Autograd
Understand automatic differentiation in Lucid — computation graphs, custom Functions, and functional transforms.
Lucid's autograd engine records every operation on tensors with requires_grad=True and builds a directed acyclic graph (DAG) at runtime.
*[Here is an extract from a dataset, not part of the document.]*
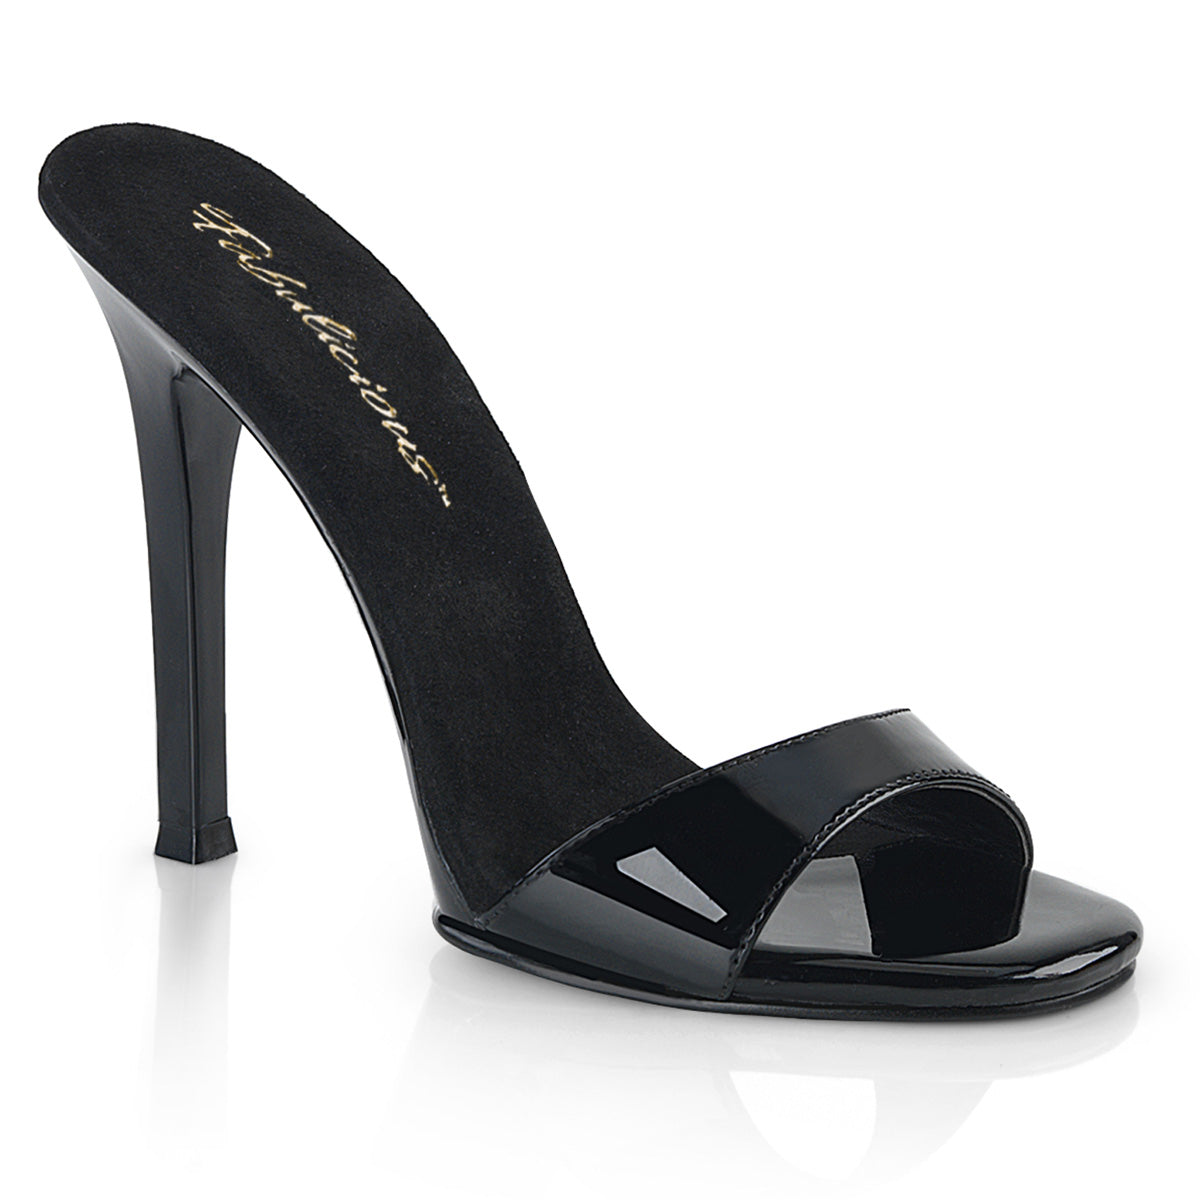 Gala-01S Fabulicious 4,5-дюймовый каблук черный патент сексуальная обувь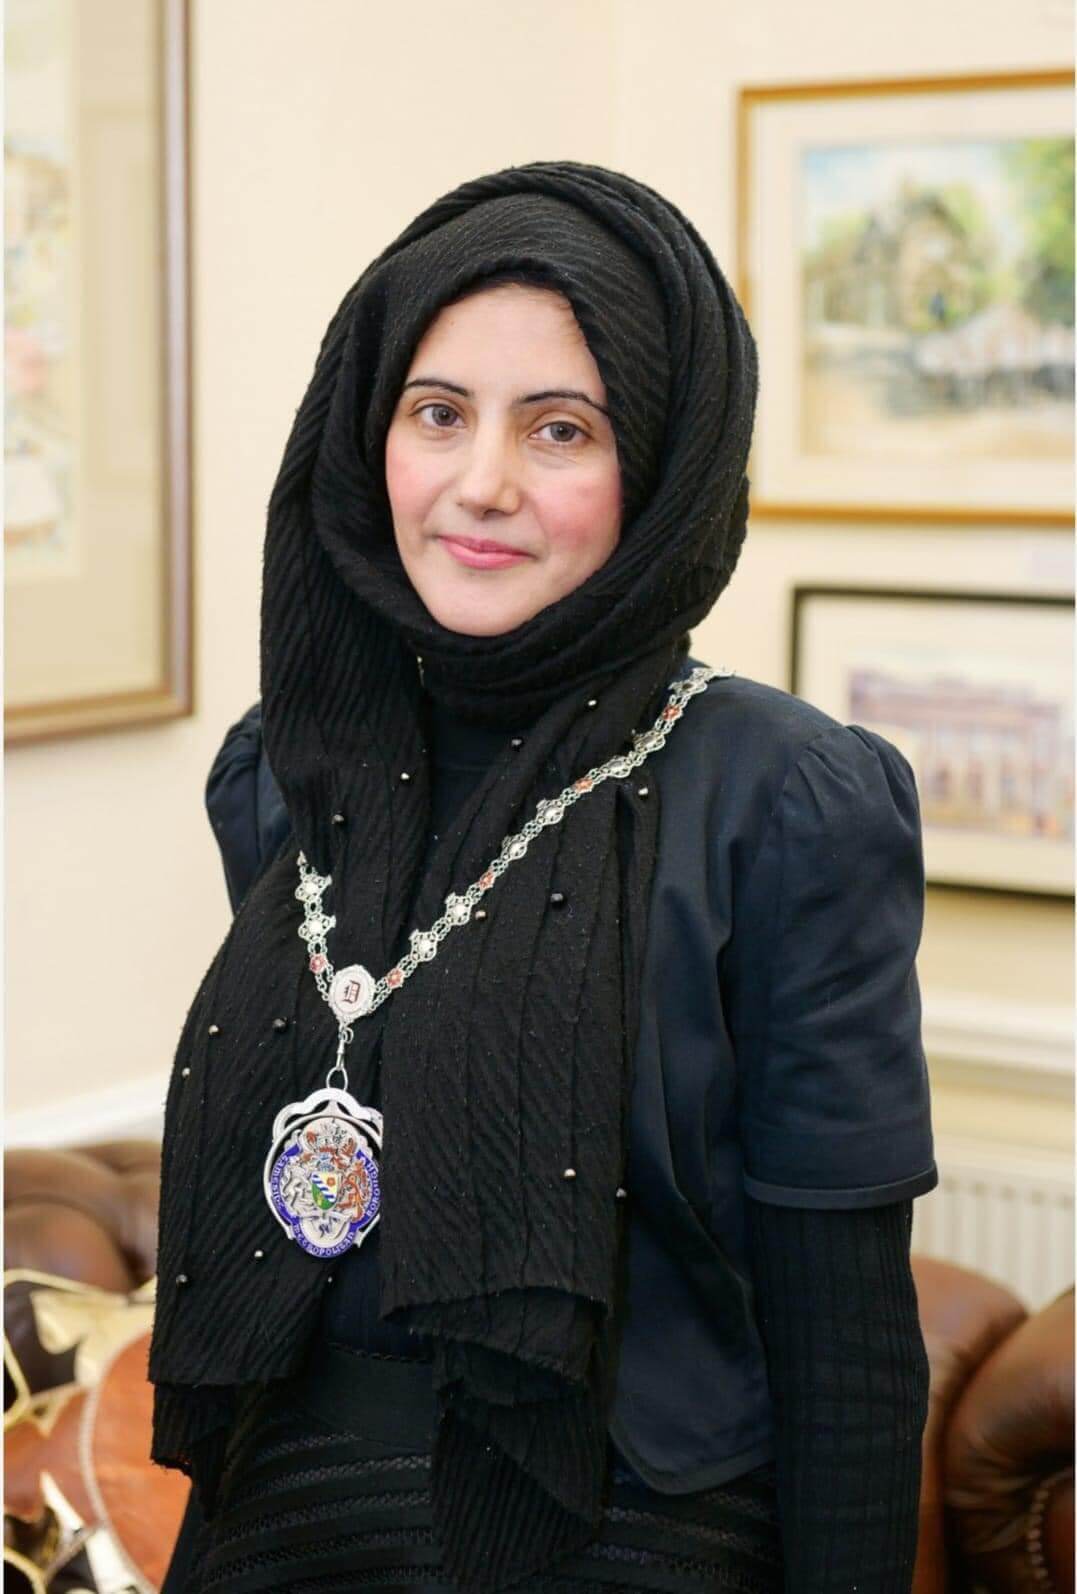 انتخاب أول امرأة مسلمة لمنصب نائب عمدة في بريطانيا

Calling .backward() traverses the DAG in reverse, accumulating gradients via the chain rule.
The computation graph
import lucid
x = lucid.tensor([2.0, 3.0], requires_grad=True)
y = x ** 2 # records Pow node
z = y.sum() # records Sum node
z.backward()
print(x.grad) # [4.0, 6.0] (dz/dx = 2x)Each operation creates a Function node that stores:
- A reference to its output tensor
- The
backwardcallable that propagates gradients upstream
retain_graph
By default the graph is freed after .backward(). Pass retain_graph=True to keep it for multiple backward passes (e.g. higher-order gradients):
loss.backward(retain_graph=True)
loss.backward() # second pass — works because graph is still aliveGradient accumulation
Gradients accumulate into .grad. Call optimizer.zero_grad() (or tensor.grad = None) before each backward pass to reset them.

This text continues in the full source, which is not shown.